- GBPJPY tries to record another red candle, well below its recent record high level
- The BoJ intervenes again since the Fed remains concerned about inflation
- Momentum indicators are mixed, stochastics acknowledge the bearish pressure
GBPJPY is hovering around the busy 191.47-192.57 range and far below its new 16-year high of 200.50. The market is digesting the repeated BoJ interventions with the latest action most likely caused by the Fed’s unwillingness to open the door to rate cuts. Japanese authorities could stick with their plan if yen remains under pressure.
Momentum indicators have taken notice of these market interventions. More specifically, the Average Directional Movement Index (ADX) is trading above its 25-threshold, but it is signaling that the recent bullish trend has probably run its course. Interestingly, the RSI has returned to its midpoint, but it appears unable to dip below it and record a new 4-month low.
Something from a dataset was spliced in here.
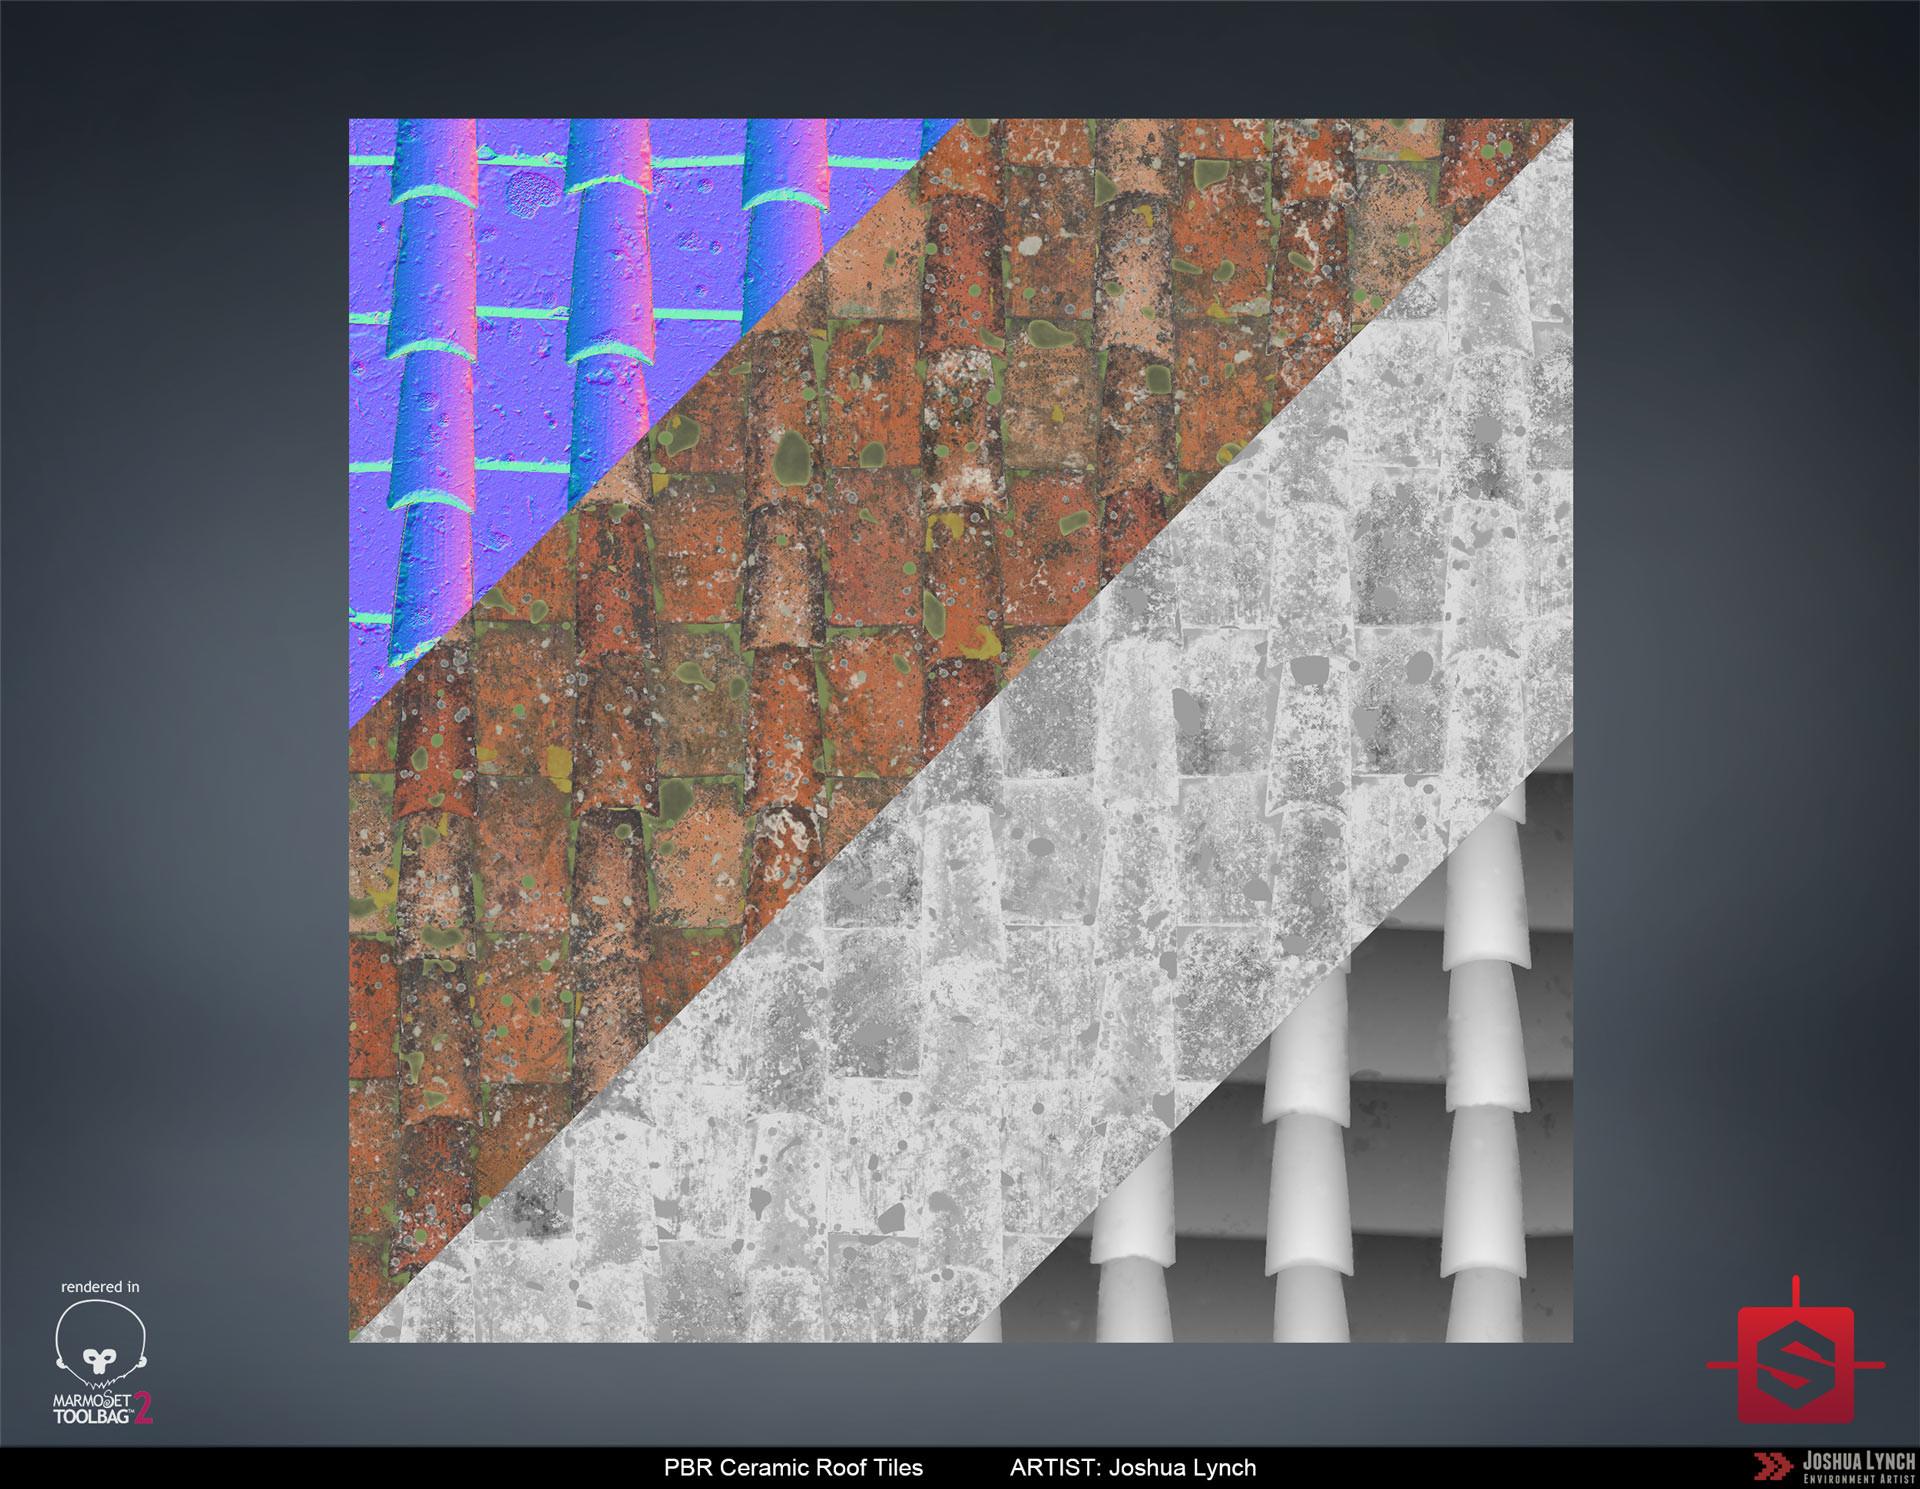 Joshua lynch roofing tiles 02 flats layout comp josh lynch

More importantly, the stochastic oscillator has broken aggressively below its moving average and it is edging towards its midpoint. Should this move continue, it would be seen as a strong bearish signal.
Should the bulls remain confident, they could try to regain market control and push GBPJPY towards the June 24, 2015 high at 195.87. They could then stage a rally towards the 198.59 level and possibly set their eyes on a much bigger prize – the April 29, 2024 high at 200.50.
On the other hand, the bears are trying to take advantage of the repeated BoJ interventions and push GBPJPY below the 191.47-192.57 area, which is populated by the July 21, 2005 and the 50-day simple moving average (SMA), as well as the January 2, 2024 ascending trendline. They could then test the support set by the 188.21-189.61 range and, if successful, pave the way for the busier 186.25-186.75 area.
To sum up, GBPJPY remains at the mercy of the BoJ with some key support levels coming up and possibly testing the bulls’ commitment.